Netherlands needs more international tech skills

Netherlands needs more international tech skills

Netherlands needs more international tech skills

The already huge tech sector in the Netherlands is growing faster than expected, and now needs highly-skilled international professionals.

The significant growth in the sector is both good and bad news, as there aren’t enough home-grown tech specialists to satisfy its increasing demands. At the present time, some 286,000 employees are working in the Netherlands’ tech industries and start-ups, with an estimated 120,000 more needed by 2030. Between 2018 and 2030, 70,00 employed tech workers are scheduled to retire and must be replaced, along with increased growth in the sector needing at least 50,000 more employees.

According to industry specialist and senior economist at ING Bank Jurjen Witteveen, finding new expat talent is essential at this point in the industry’s development. The sector grew by 10 per cent last years and is expected to surpass that number by the end of this year.

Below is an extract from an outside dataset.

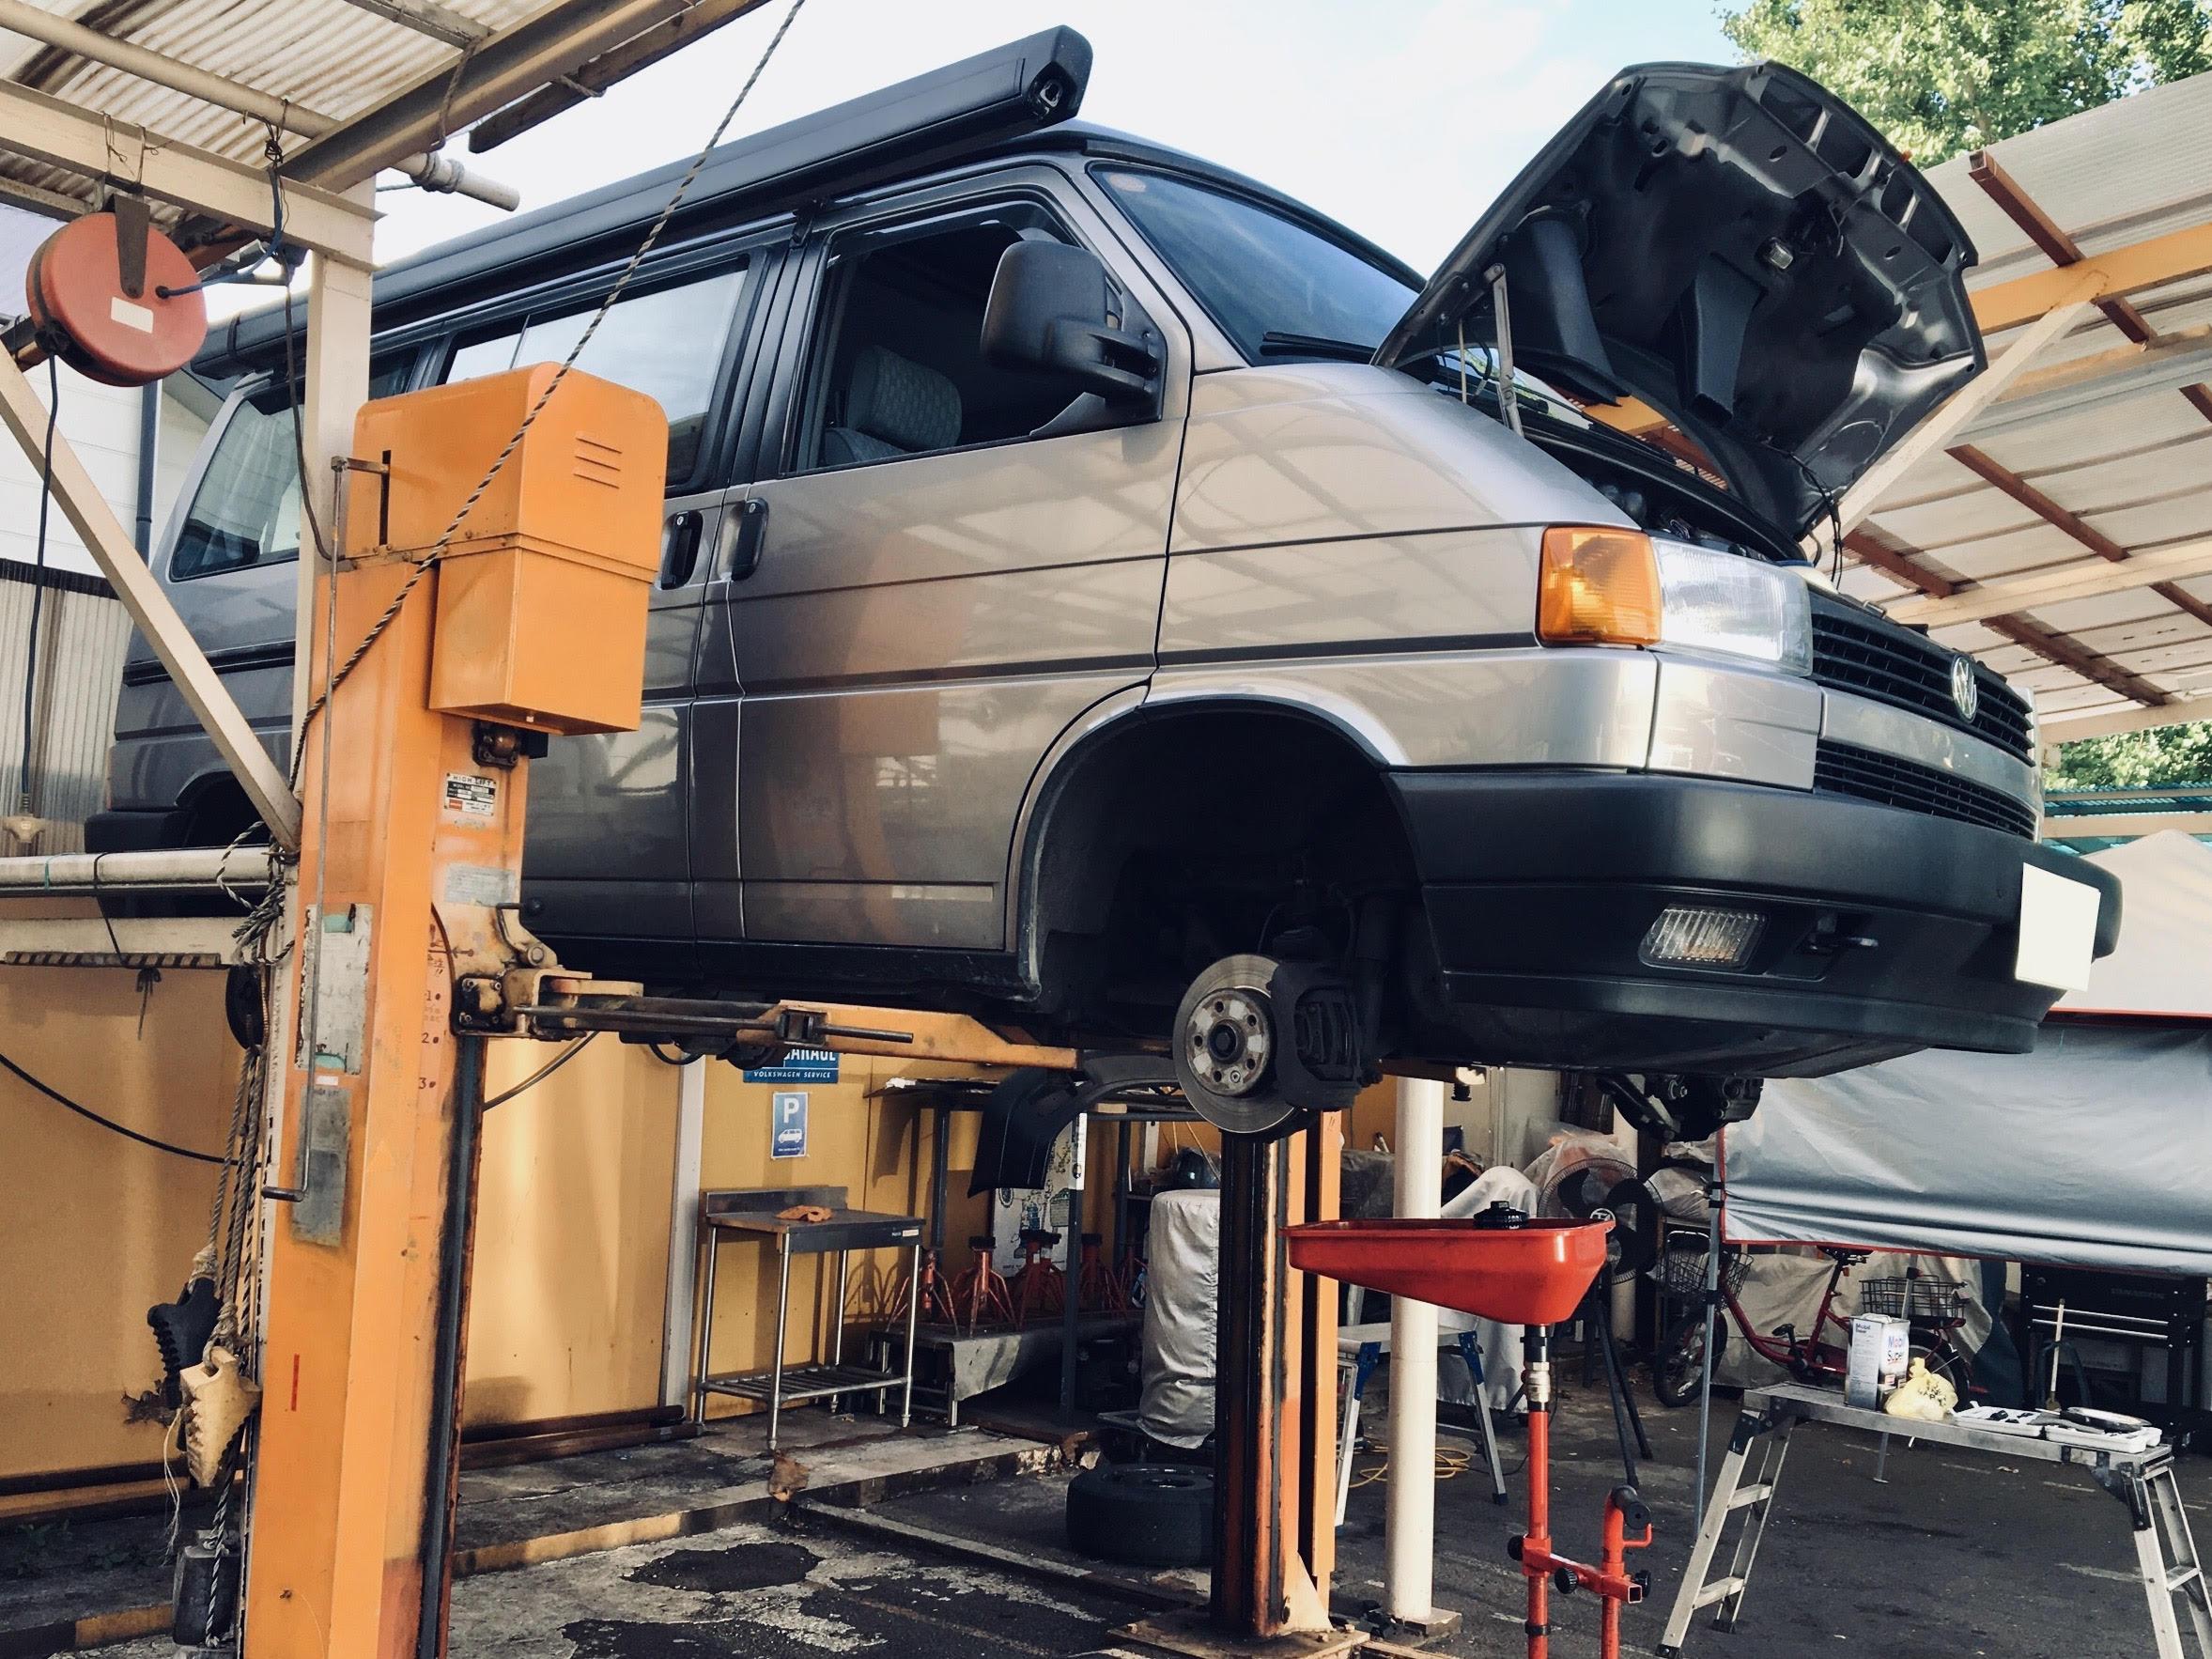 DIY&プロショップで定期メンテナンスを実施。9月実施済メニュー:オイル交換.タイヤ交換.ブレーキ点検等。ベストを尽くしてお渡しします。

Dutch research and technical universities are doing their best to produce more Dutch tech specialists, but are finding the task daunting at best. The Netherlands is now famous for its tech sector, and is especially respected for its advanced value-added activity.

During his interview with an international media outlet, Witteveen explained that rather than designing and manufacturing necessities such as tyres and computer chips, the Netherlands tech sector is concentrating on making the machines which make the chips and tyres. Executives use research findings to fine-tune market strategies and point the way forward to more innovation in the future. In order to maintain this impetus, the country needs to win the global war for tech talent.

Witteveen’s strategy includes intensive lobbying of international universities and schools in order to persuade talented graduates to consider a career based in the Netherlands. For example, the ultra high-tech company ASML is based in Eindhoven already employs people from 100 nationalities, and needs even more expats to expand its research into the technology used in electric cars. Eindhoven itself is home to an impressive cluster of high-tech companies and has strong links to China. On March 22, the KPN telecom company along with HighTechXL will host an event aimed at seeking out the brightest and best high-tech brains to help shape the mobile/cable giant’s future.